An extract of written interviews made during our seminarweeks to Beirut and Damascus in automn 2010 and to Istanbul, Amman and Petra in spring 2011. 

DEFINITION

YAŞAR ADANALI: Defining the Middle East, its boundaries, different meanings, layers is by itself a very difficult, value-bounded and mainly a political challenge. Especially, when one looks at the region from the perspective of its “western” neighbors, many stereotypes and preconceptions get in to the scene. It could be a mythical place where anything can happen, yet at the same time, for many it is a place that is frozen in time that nothing tangible can really change… However, when I look at the contemporary Middle East from Turkey, what I see is a great potential, energy and hope, not only for the region but also for Turkey, Europe and the rest, which come along with lots of contradictions of course.

RAMI DAHER: The work of Edward Said in general, and Orientalism in particular would help us understand the processes of construction or inscription of a specific Orient in the minds of Europeans, local nationals and the World. Inscription mechanisms (surveys, documentation, military surveys, travel literature, other) work to create the “Other”, the “Opposite” to Europe which legitimized and led, through direct modes of imperialism, to control, exploitation, and hegemony.
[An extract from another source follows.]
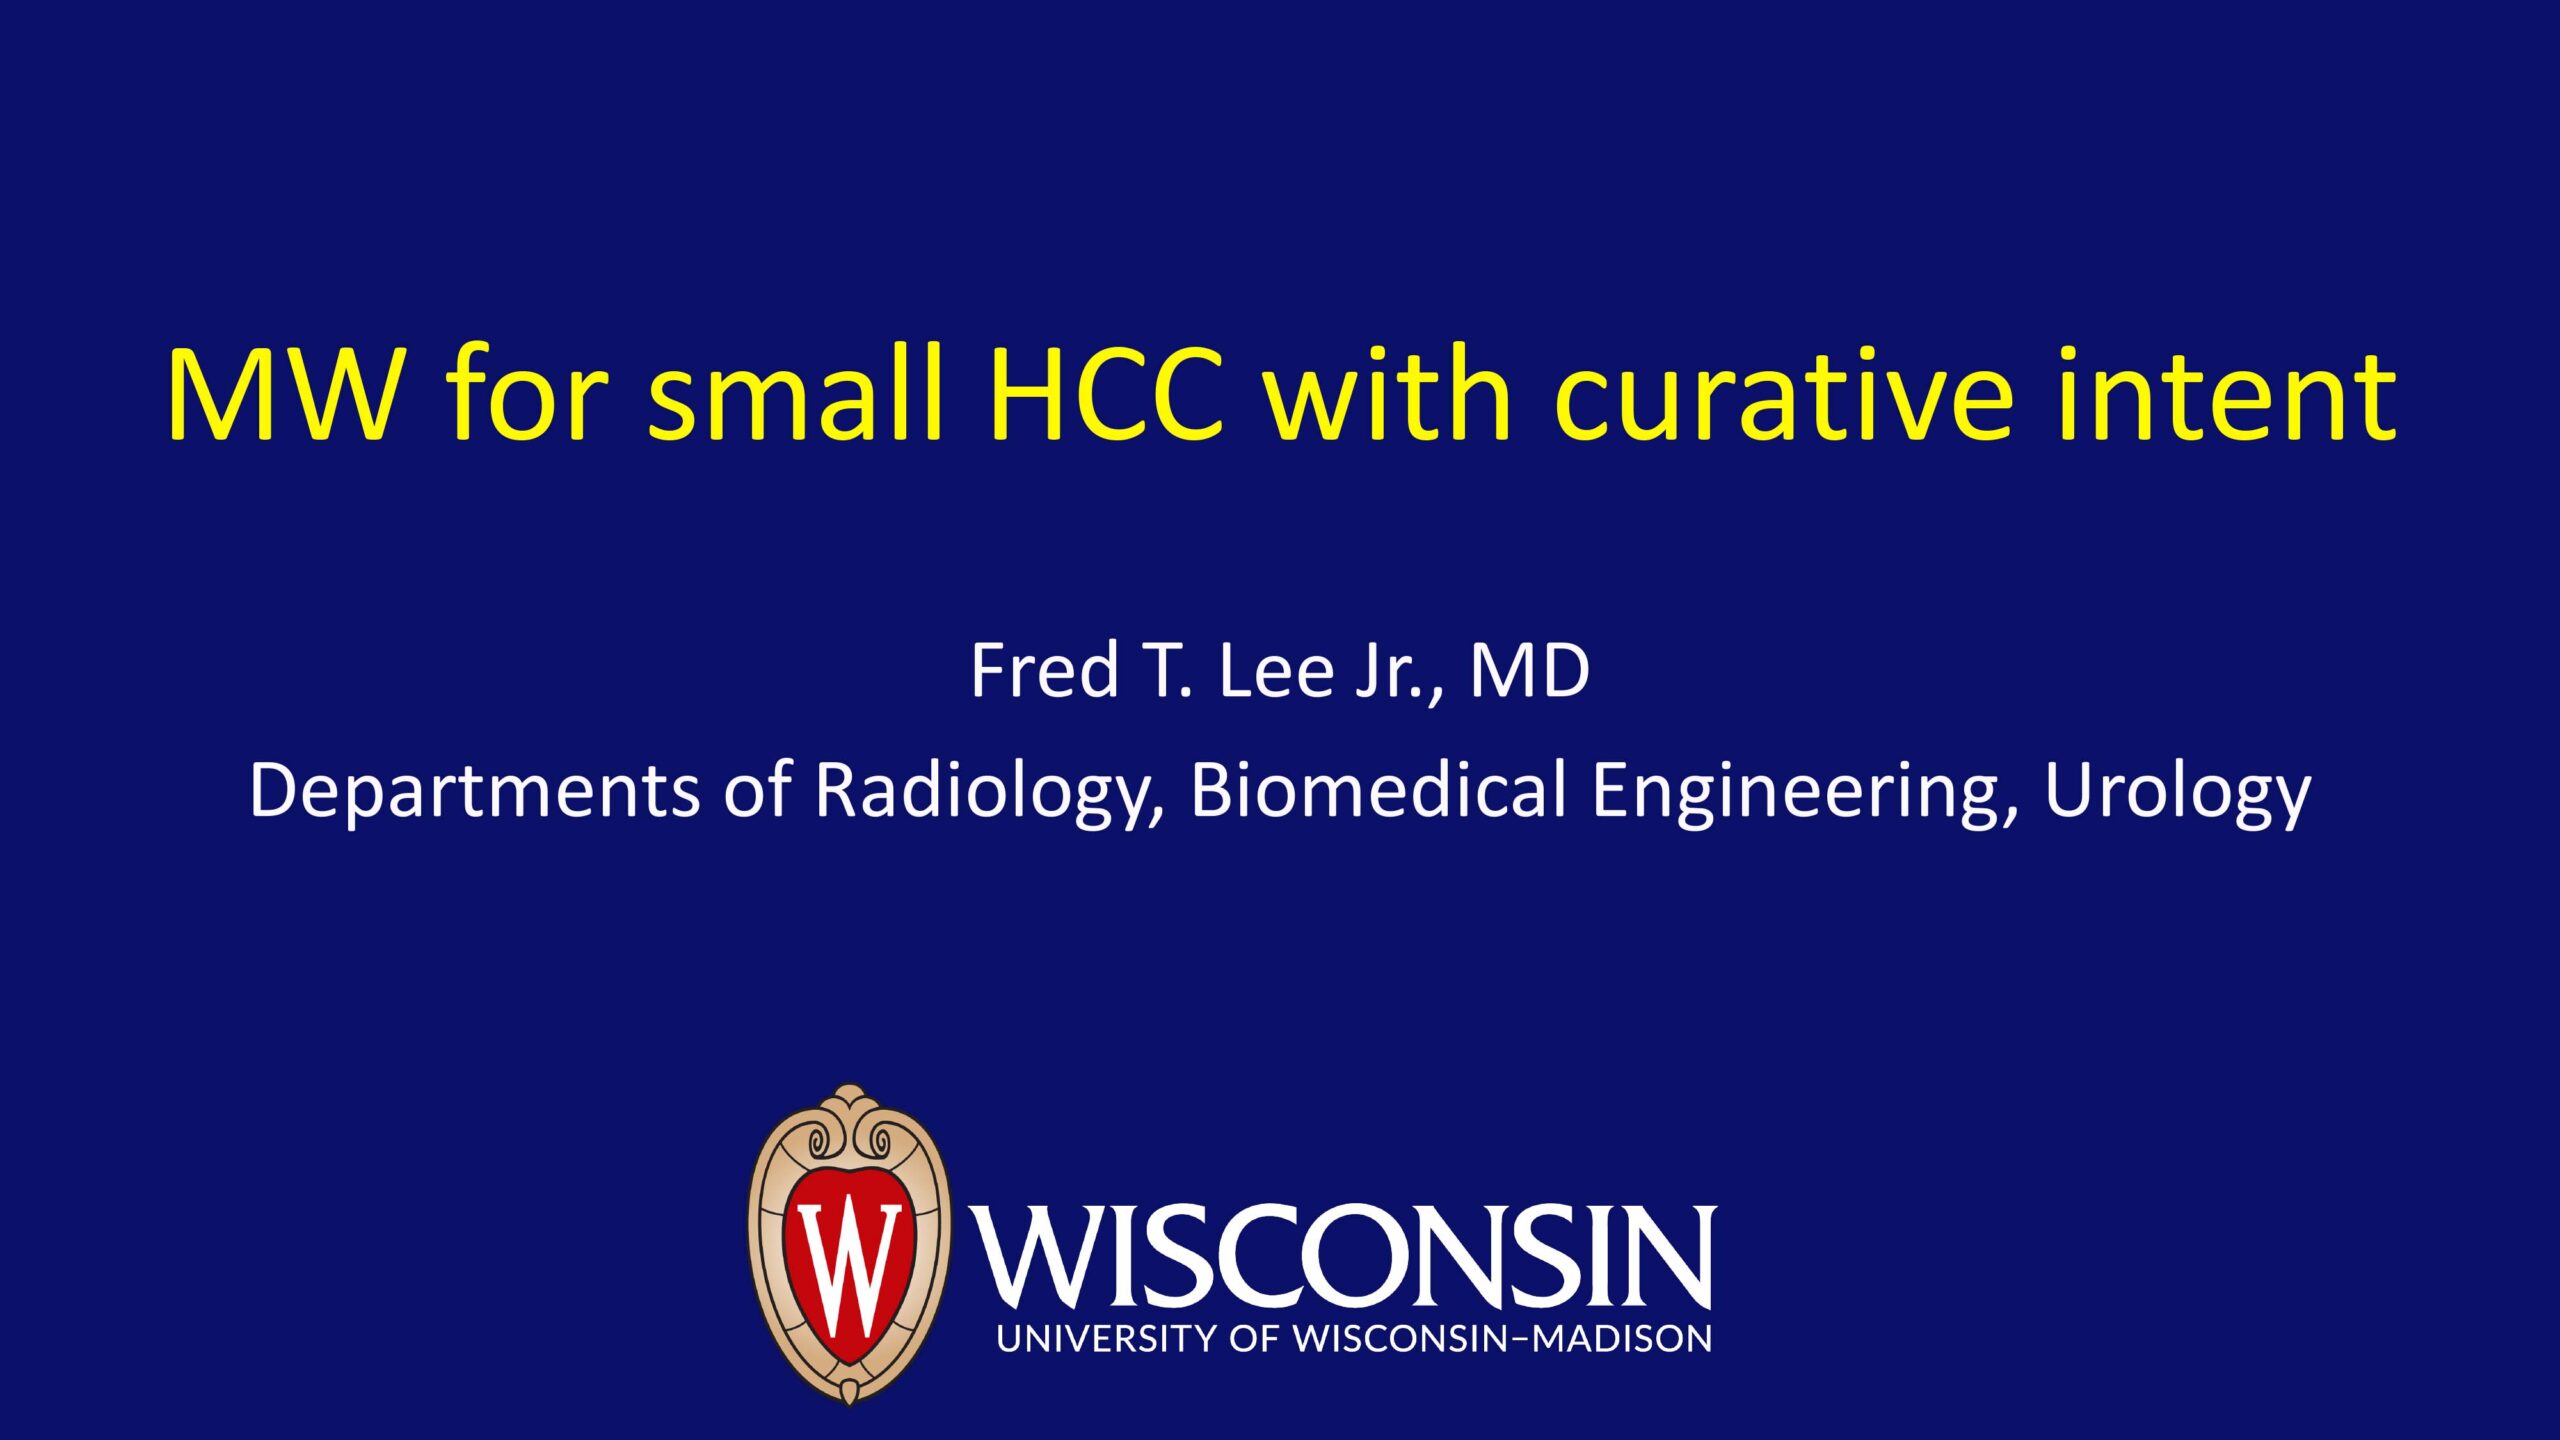 Ablation with a curative intent in HCC

Europe was made to be rational, scientific, virtuous, mature, and “normal” while the Orient was imagined and made to be irrational, depraved, childlike, non-scientific but exotic, and “different”. It is only by examining Orientalism as a discourse, one can only understand the complexity of this “systematic discipline” by which Europe was able to manage and even “produce” the Orient in the 19th and 20th centuries…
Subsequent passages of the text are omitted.